Writers for the series included Dan Milano, Tom Root, Tom Sheppard, Zeb Wells, Doug Goldstein, Breckin Meyer, Kevin Shinick, David A. Goodman, Michael Price, and Jane Espenson. Brendan Hay served as head writer.

== Cancelled release==
Footage of the series debuted at Star Wars Celebration VI in mid-2012; it was planned to be set between the events of Star Wars: Episode III – Revenge of the Sith and Episode IV – A New Hope. In March 2013, Lucasfilm postponed the release of the series, after reconsidering whether a comedy series would be a sensible way to introduce the franchise to new fans, when a sequel trilogy was being produced. That September, Green said 39 episodes had been completed, with 62 additional scripts finished.

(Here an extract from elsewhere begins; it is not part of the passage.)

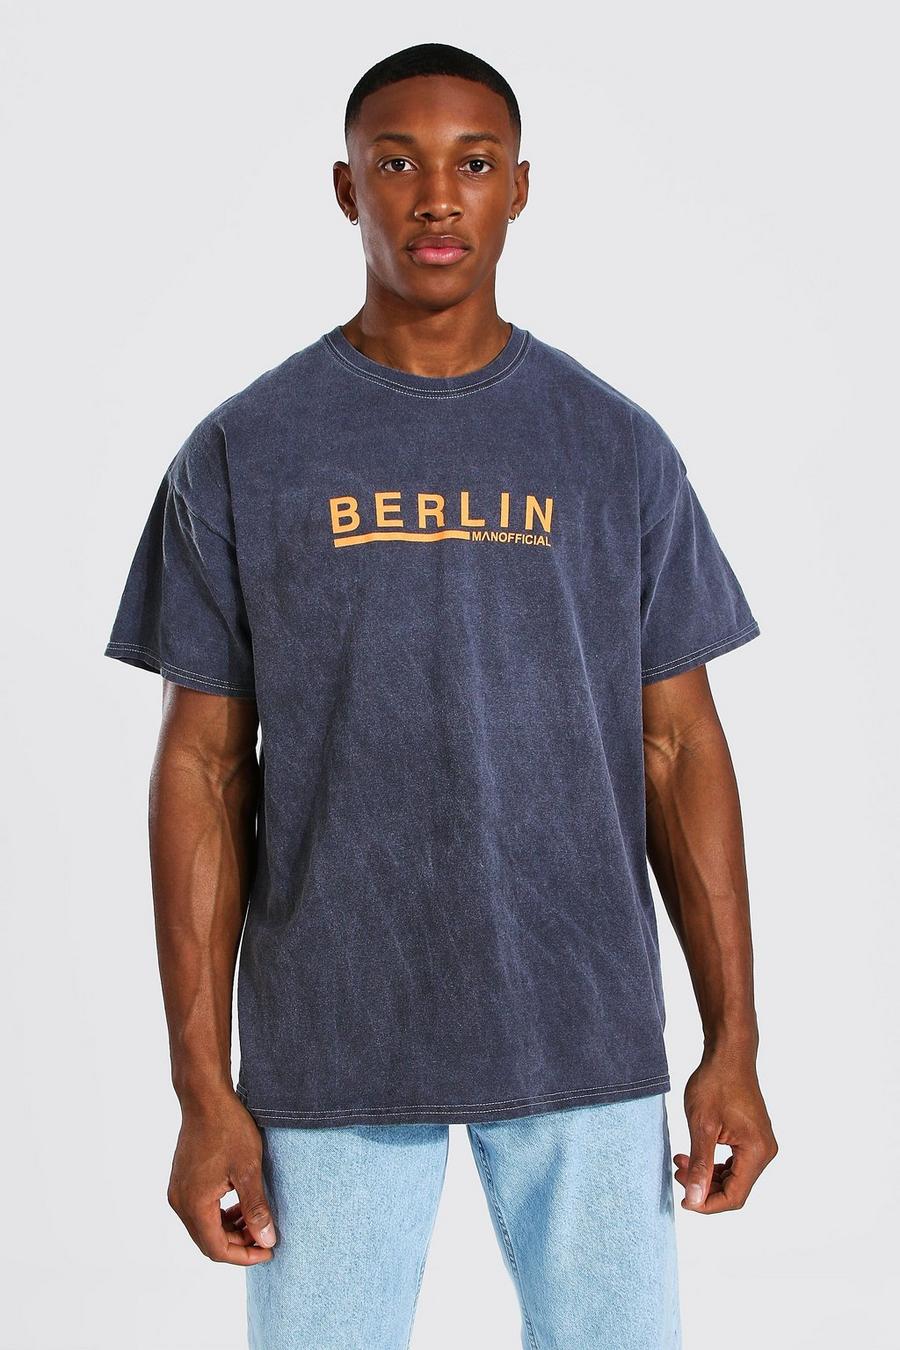 Houtskool Oversized Overdye Berlin T-Shirt image number 1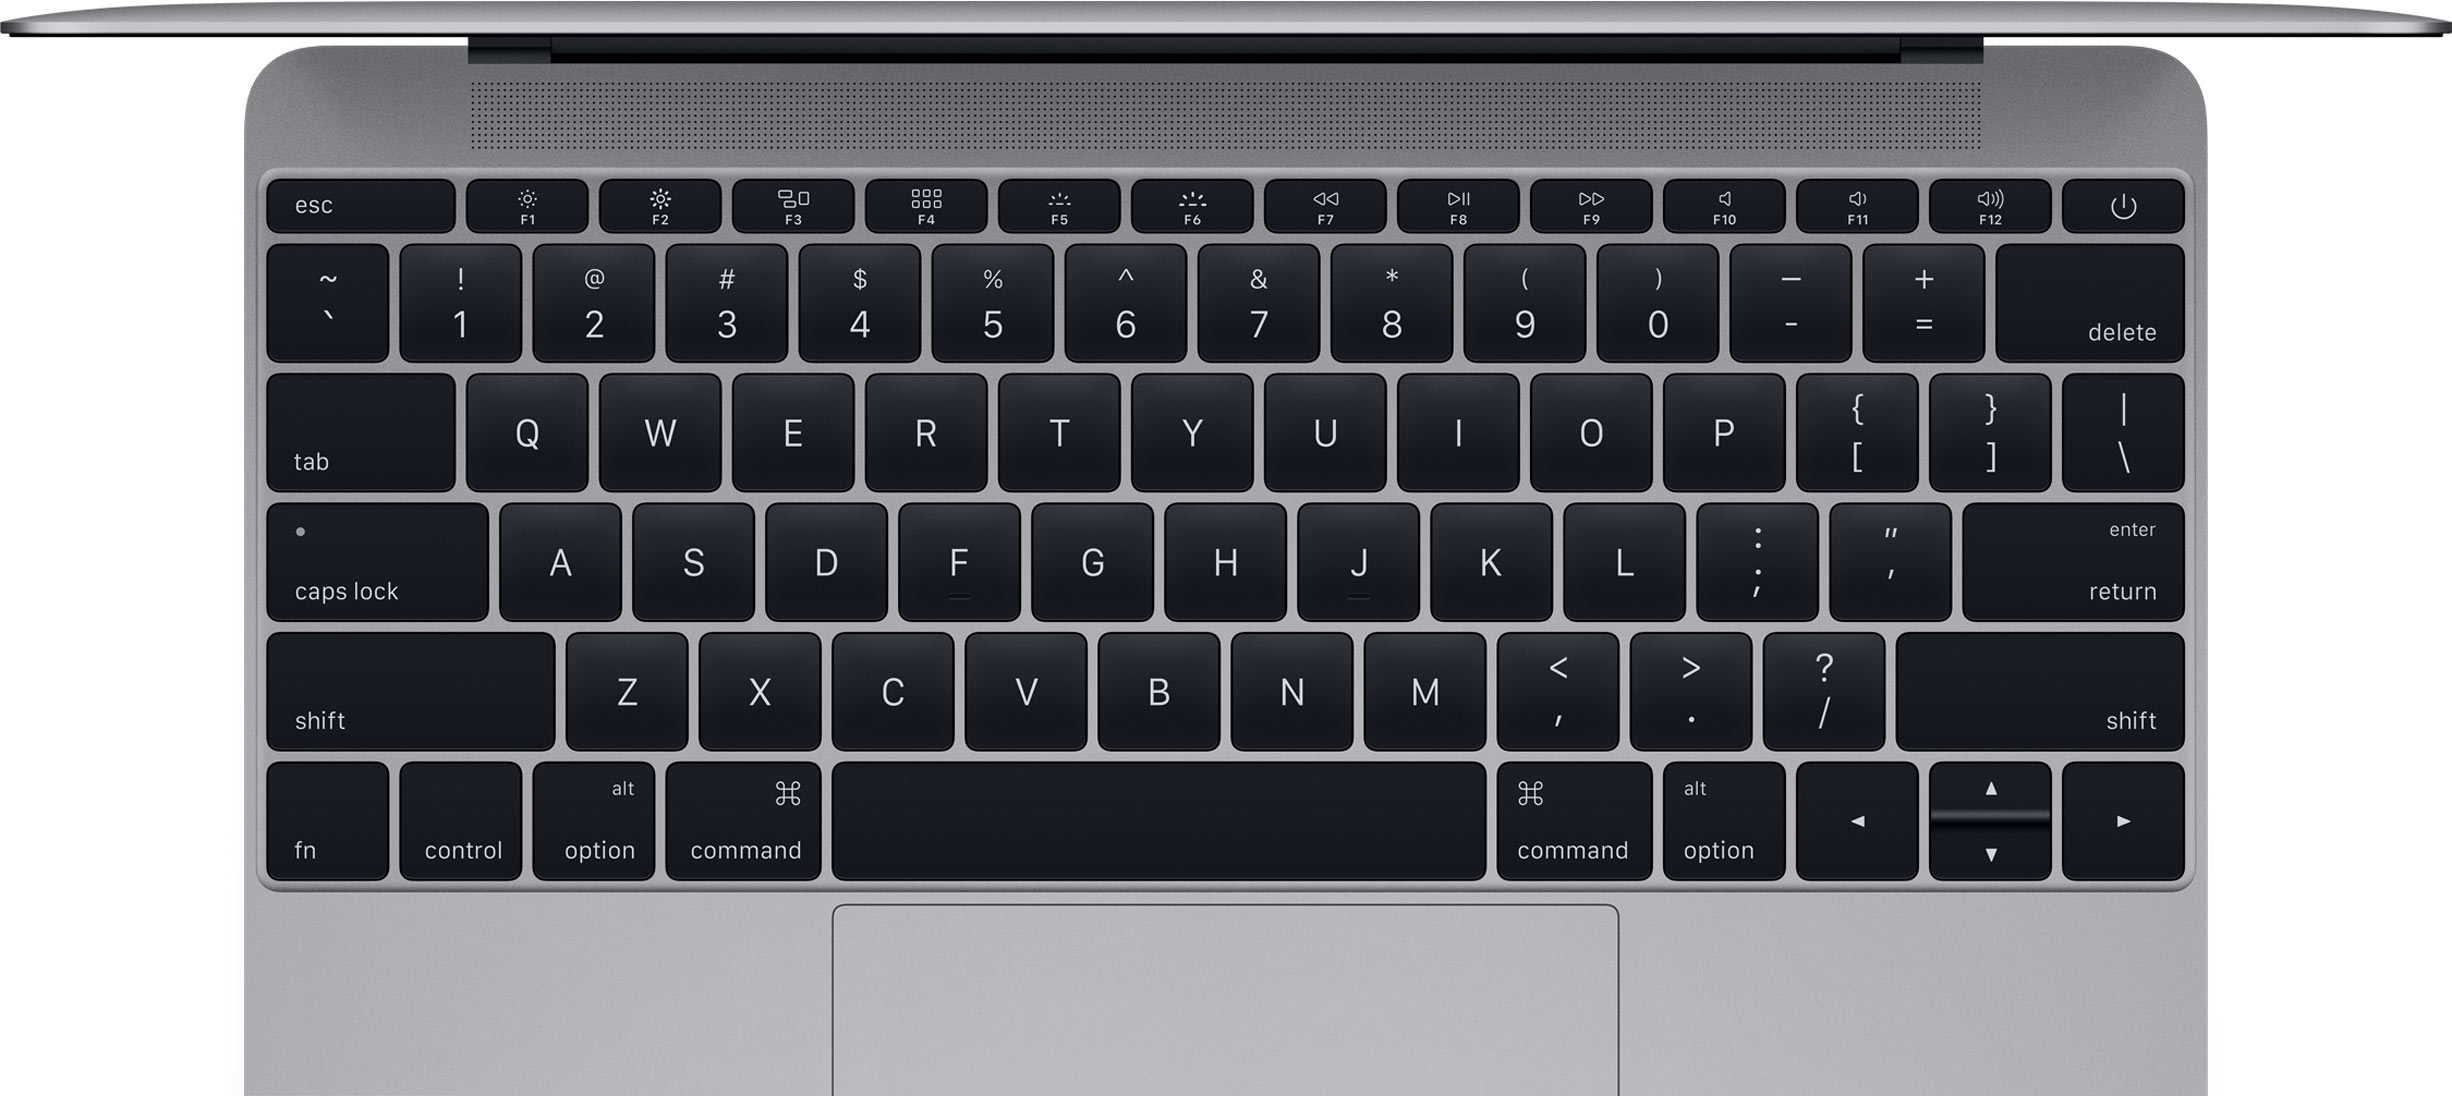 What Do the F1, F2, F3, Through F12 Keys Do on Mac Keyboards?

In October 2015, during a live stream of Life Is Strange, Day mentioned that the show had been canceled. In June 2018, Lucasfilm filed a new trademark for the series.

In November 2020, a six-minute episode, "Dog Day Afternoon", was leaked onto the internet. The episode features Zuckuss and 4-LOM (voiced by Richter and Yankovic) attempting to rob Dexter's Diner. Lando Calrissian, Boba Fett, and Jabba the Hutt also appear. The episode was taken down shortly after it was leaked.

In June 2021, Entertainment Weekly asked Green if he knew when the show might be released. He replied, "The most recent conversations I've had with anybody who would be in a position to say so say that it's not soon. ... the way it's been explained to me is that there hasn't been enough interest high enough up to go through what it would take to put it out, and that there isn't an interest in releasing this content on Disney+ from Lucasfilm."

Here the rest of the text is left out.